Alright, guys, we've reached the end of our journey into solving this inequality. Let's recap the key takeaways to solidify our understanding and equip ourselves for future challenges.

First and foremost, remember the golden rule: when multiplying or dividing both sides of an inequality by a negative number, flip the inequality sign! This is the most common mistake students make, so keep this etched in your mind. Understanding the why behind this rule is crucial. Think about how negative numbers work on the number line, and you'll always remember to flip that sign!

Secondly, practice makes perfect! The more you work with inequalities, the more comfortable you'll become with the process. Try different examples, challenge yourself with more complex problems, and don't be afraid to make mistakes. Mistakes are learning opportunities! The goal here is not to be perfect but to improve and grow in your understanding of the topic.
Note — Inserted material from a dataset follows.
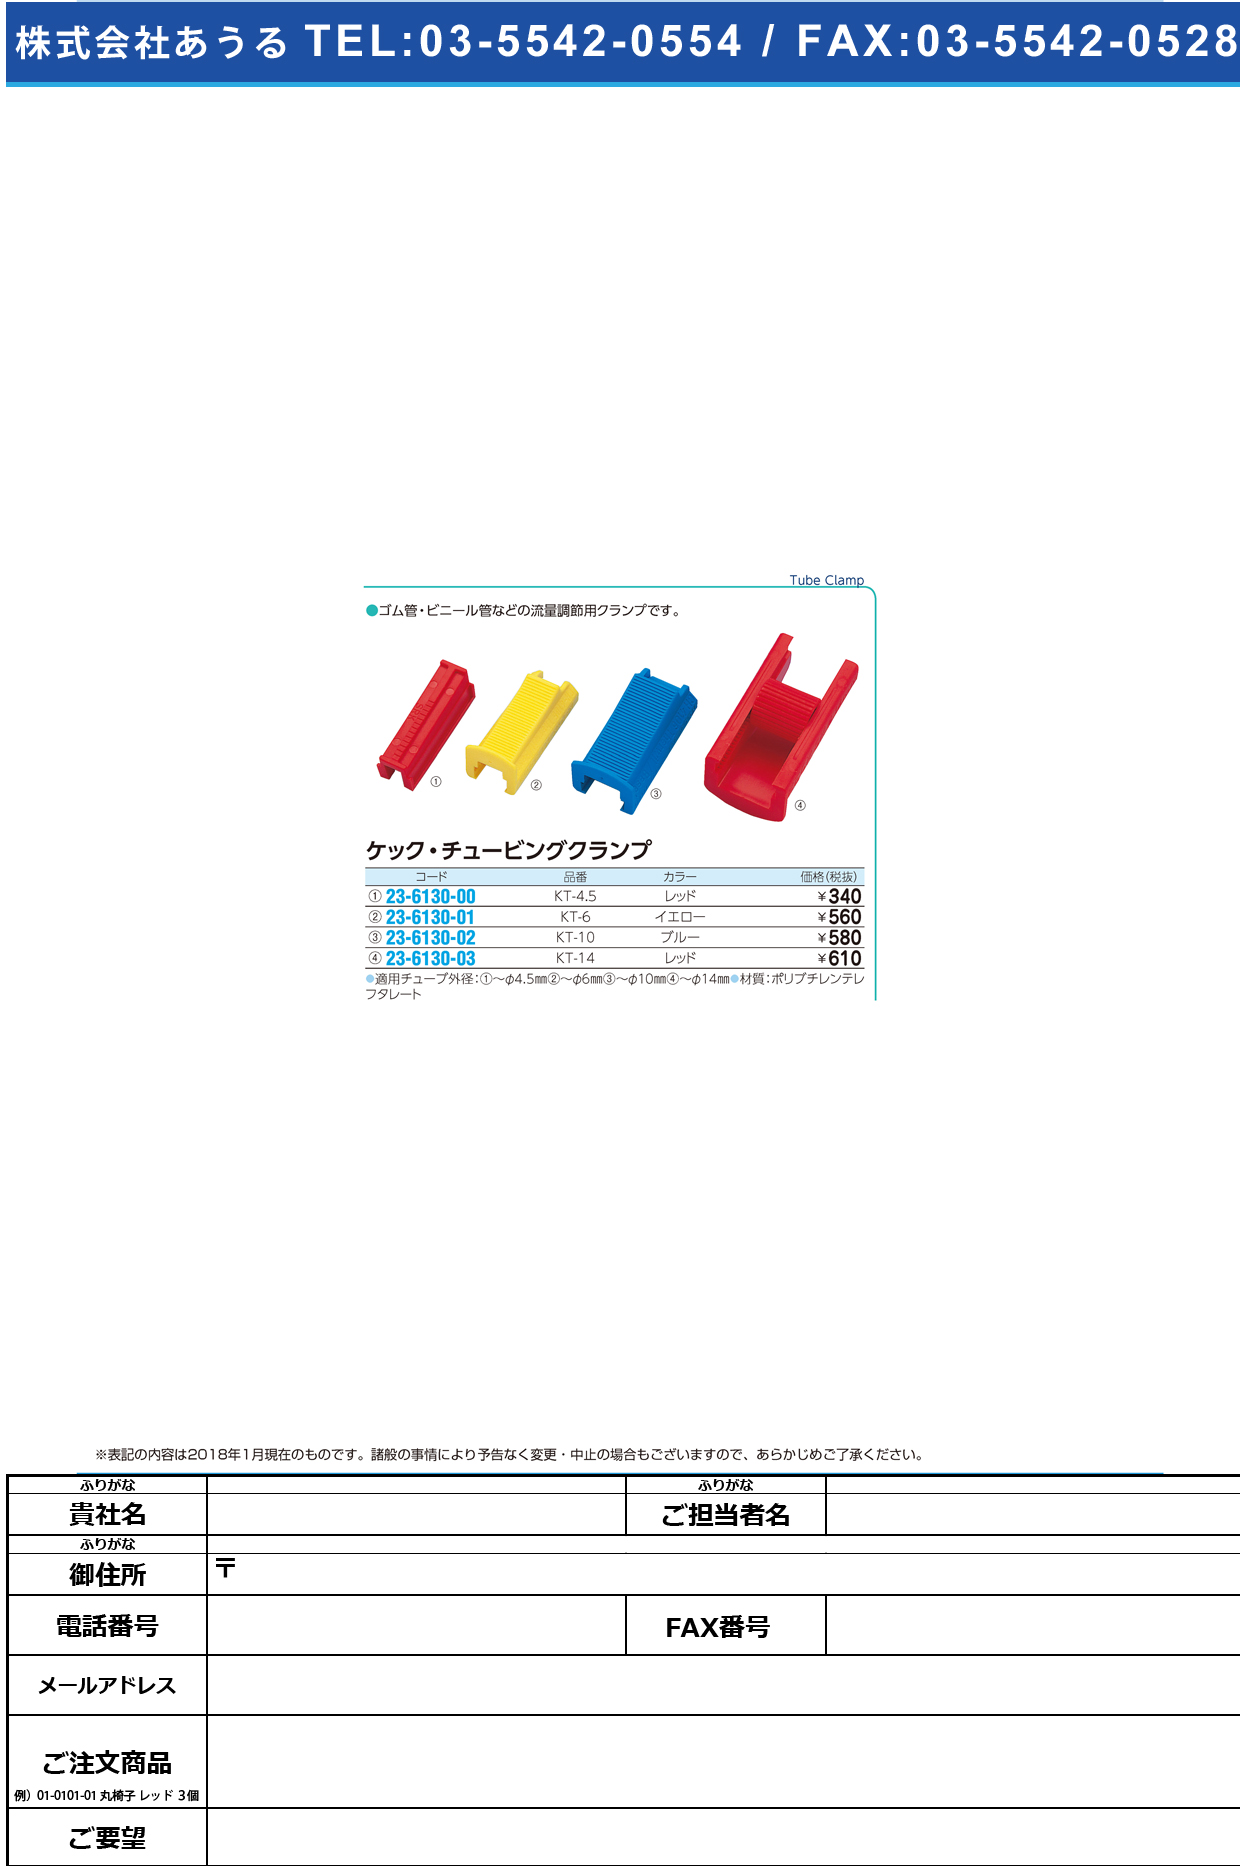 (23-6130-01)ケック・チュービングクランプ KT-6(ｲｴﾛｰ) ｹｯｸﾁｭｰﾋﾞﾝｸﾞｸﾗﾝﾌﾟ【1個単位】【2019年カタログ商品】

Thirdly, always interpret your solution. Don't just stop at isolating the variable. Understand what the solution set means and how it relates to the original inequality. Plugging in values to test your solution is a great way to verify your answer and deepen your understanding. It's like a built-in safety check for your work.

Lastly, visualize the solution set. Using a number line to represent the solution can make it much easier to grasp the range of possible values. This visual representation can be particularly helpful when dealing with more complex inequalities or when comparing different solution sets.

By mastering these key takeaways, you'll be well on your way to conquering any inequality that comes your way. Keep practicing, keep exploring, and keep that math brain sharp!

Wrapping Up: Feeling Confident with Inequalities

Well, there you have it! We've successfully navigated the world of inequalities and found the solution to our problem: m/-7 ≤ 14. We've not only found the answer but also delved into the why behind the solution, exploring the key concepts and potential pitfalls along the way. You guys should now feel confident in your ability to tackle similar problems. Solving inequalities, like any mathematical skill, becomes easier and more intuitive with practice and a solid understanding of the underlying principles.

Remember, mathematics is not just about memorizing formulas and procedures; it's about developing critical thinking skills and problem-solving abilities. By breaking down complex problems into smaller, manageable steps, and by understanding the logic behind each step, you can conquer even the most daunting mathematical challenges. So, keep exploring, keep questioning, and keep learning. The world of mathematics is vast and fascinating, and you've just taken another step on your mathematical journey. Great job, everyone!